Skip to: Description  ·  Claims  · Patent History  ·  Patent History
Description
CROSS-REFERENCE TO RELATED APPLICATION(S)

This application is based upon and claims the benefit of priority from Japanese Patent Application No. 2010-036502, filed on Feb. 22, 2010, the entire contents of which are incorporated herein by reference.

FIELD

Embodiments described herein relate generally to a playback apparatus and a playback method for playing back video, audio, etc.

BACKGROUND

There are lots of contrivances for discriminating necessary components in a surrounding environmental sound from unnecessary components quite similar to the necessary components. For example, JP-H09-026354-A is aimed at discrimination between a notification sound such as door chimes, phone rings, etc. and an acoustic output of a television set, etc. JP-H09-026354-A discloses an apparatus including a microphone for collecting an ambient sound and a module for monitoring an acoustic output, and the apparatus notifies a user when a sound similar to one of previously-stored notification sounds is detected.

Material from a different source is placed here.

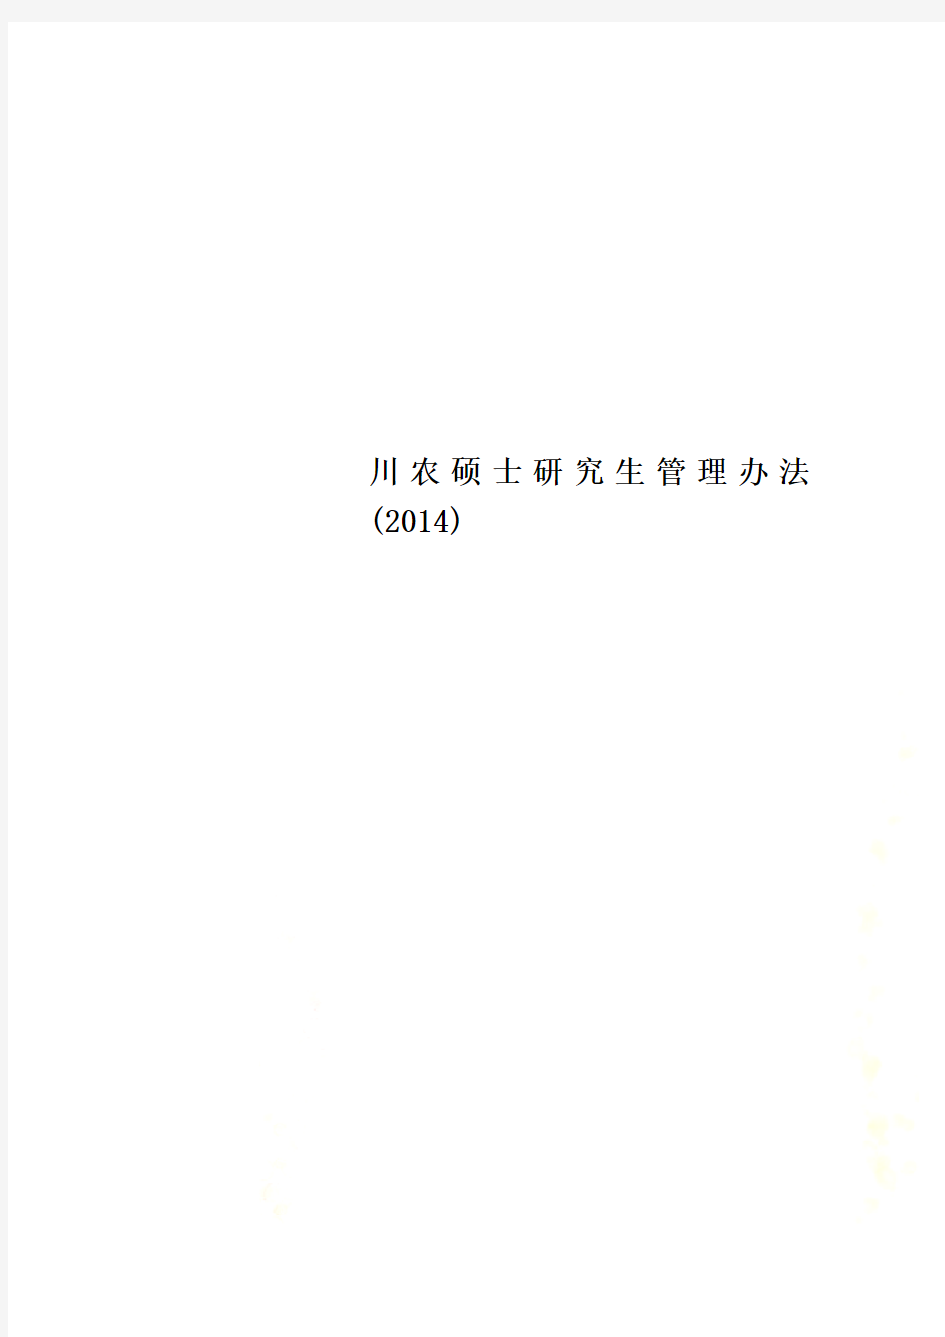 川农硕士研究生管理办法(2014)

In JP-H09-026354-A, a module for monitoring and comparing acoustic components contained in a content is provided, and the module is operated all the time. However, JP-H09-026354-A has not provided any specific method for detecting a sound similar to one of the notification sounds. Generally, it is difficult to uniquely specify an environmental sound, and therefore, the possibility of wrong detection is high.

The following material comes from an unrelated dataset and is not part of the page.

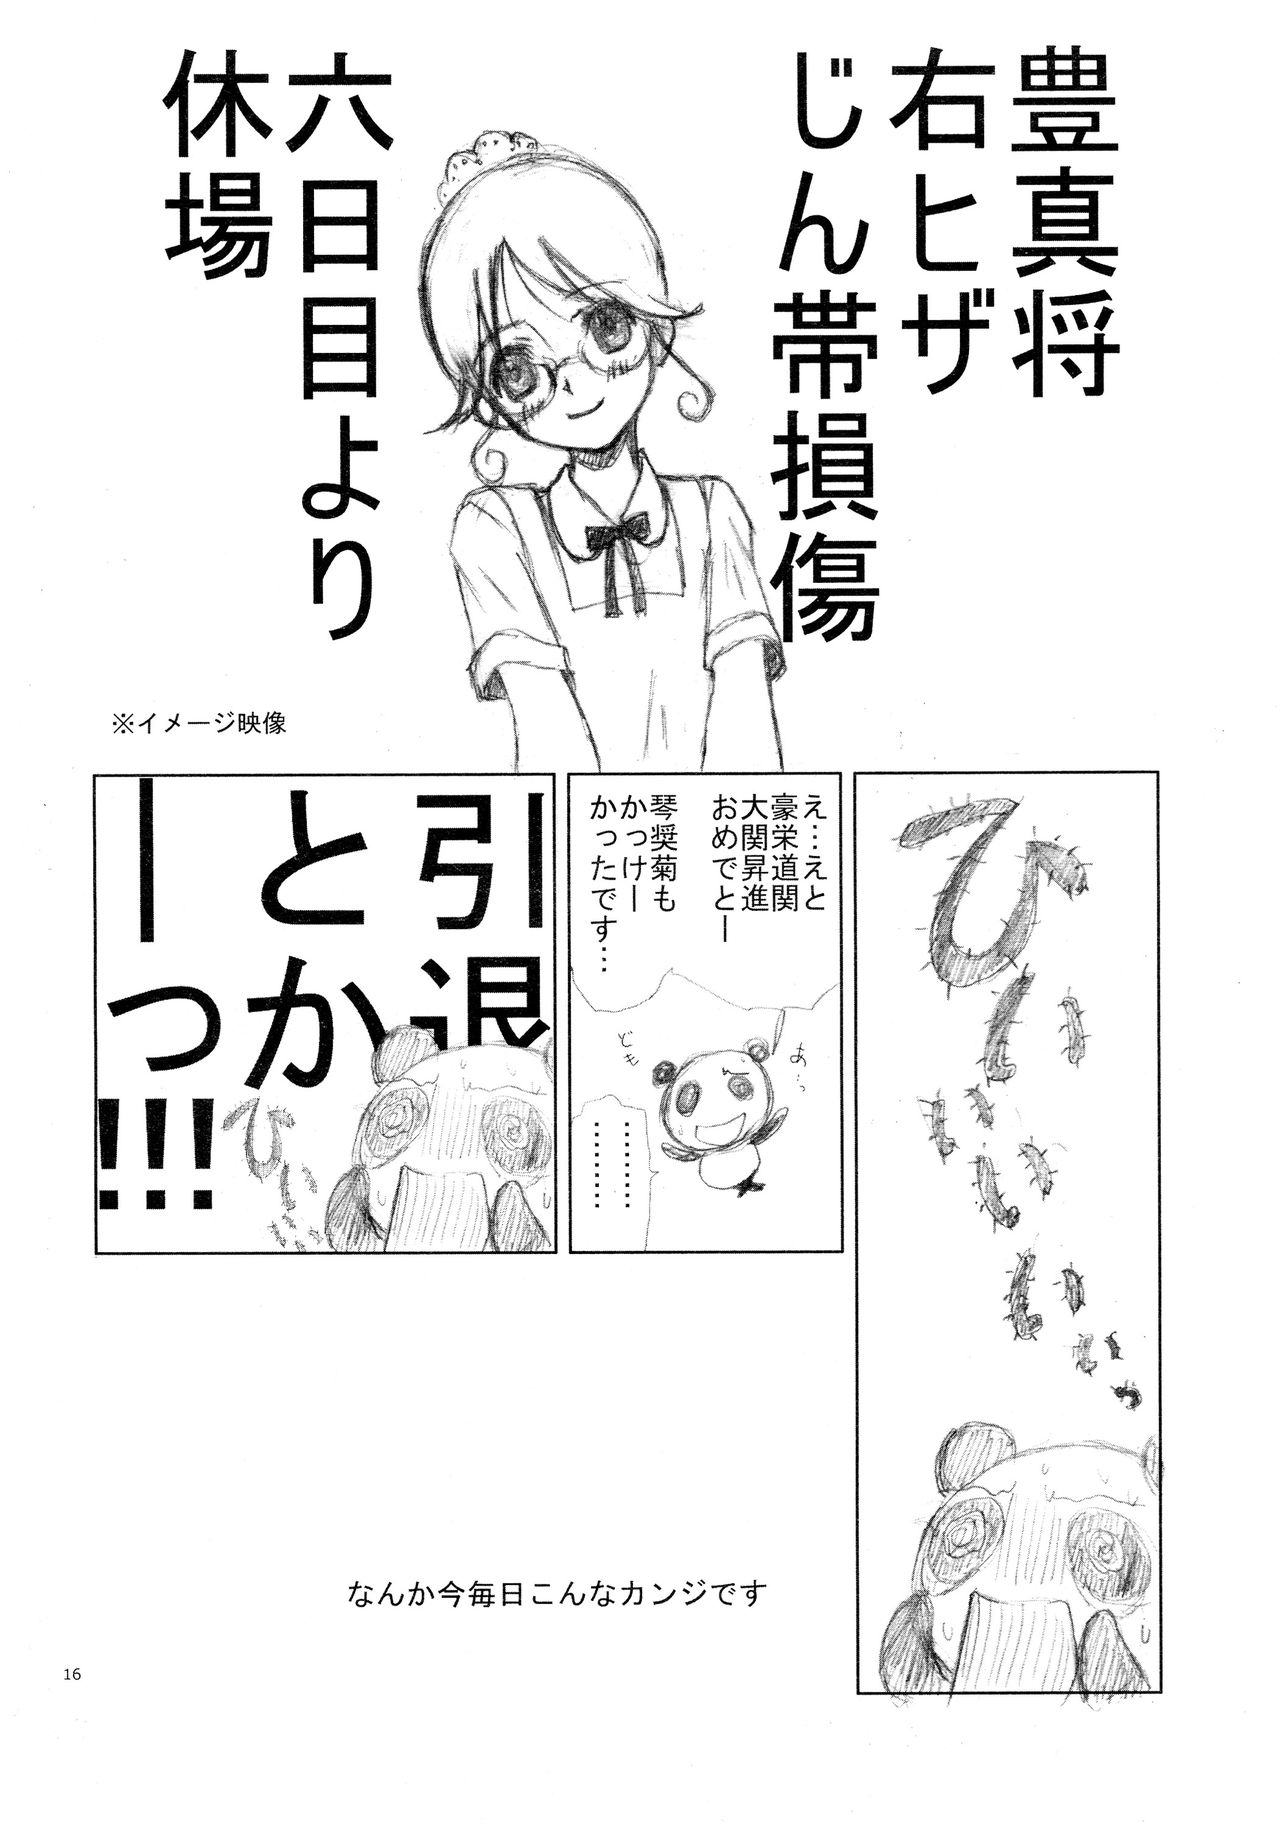 (C86) [Chanbara! (Kimuraya Izumi)] Intro-Duction any summer (Hitsugi no Chaika) (C86) [ちゃんばら! (木村屋いづみ)] Intro-Duction any summer (棺姫のチャイカ)

Accordingly, there is a demand for a playback apparatus capable of notifying a user of an important environmental sound during playing back video, audio, etc., with a inexpensive, simpler and power saving configuration.

BRIEF DESCRIPTION OF THE DRAWINGS

A general architecture that implements the various feature of the present invention will now be described with reference to the drawings. The drawings and the associated descriptions are provided to illustrate embodiments of the present invention and not to limit the scope of the present invention.

FIG. 1 illustrates an example system configuration of a digital television set according to an embodiment.

FIG. 2 illustrates an example processing flow in this embodiment.

FIG. 3 illustrates an example of a sound information database in this embodiment.

FIG. 4 illustrates a usage example (1) of the embodiment.

FIG. 5 illustrates a usage example (2) of the embodiment.

FIG. 6 illustrates a usage example (3) of the embodiment.

FIG. 7 illustrates an example block configuration of a television receiver according to the embodiment.

DETAILED DESCRIPTION

In general, according to one embodiment, a playback apparatus includes: a sound information input module configured to receive a surrounding environmental sound as sound information; a sound information management module configured to manage feature information of noticeable environmental sounds; a sound information analysis module configured to analyze the received sound information; a notification information creation module configured to create notification information when the received sound information coincides with the feature information of one of the noticeable environmental sounds; and an output control module configured to output video or audio by superposing the created notification information thereon.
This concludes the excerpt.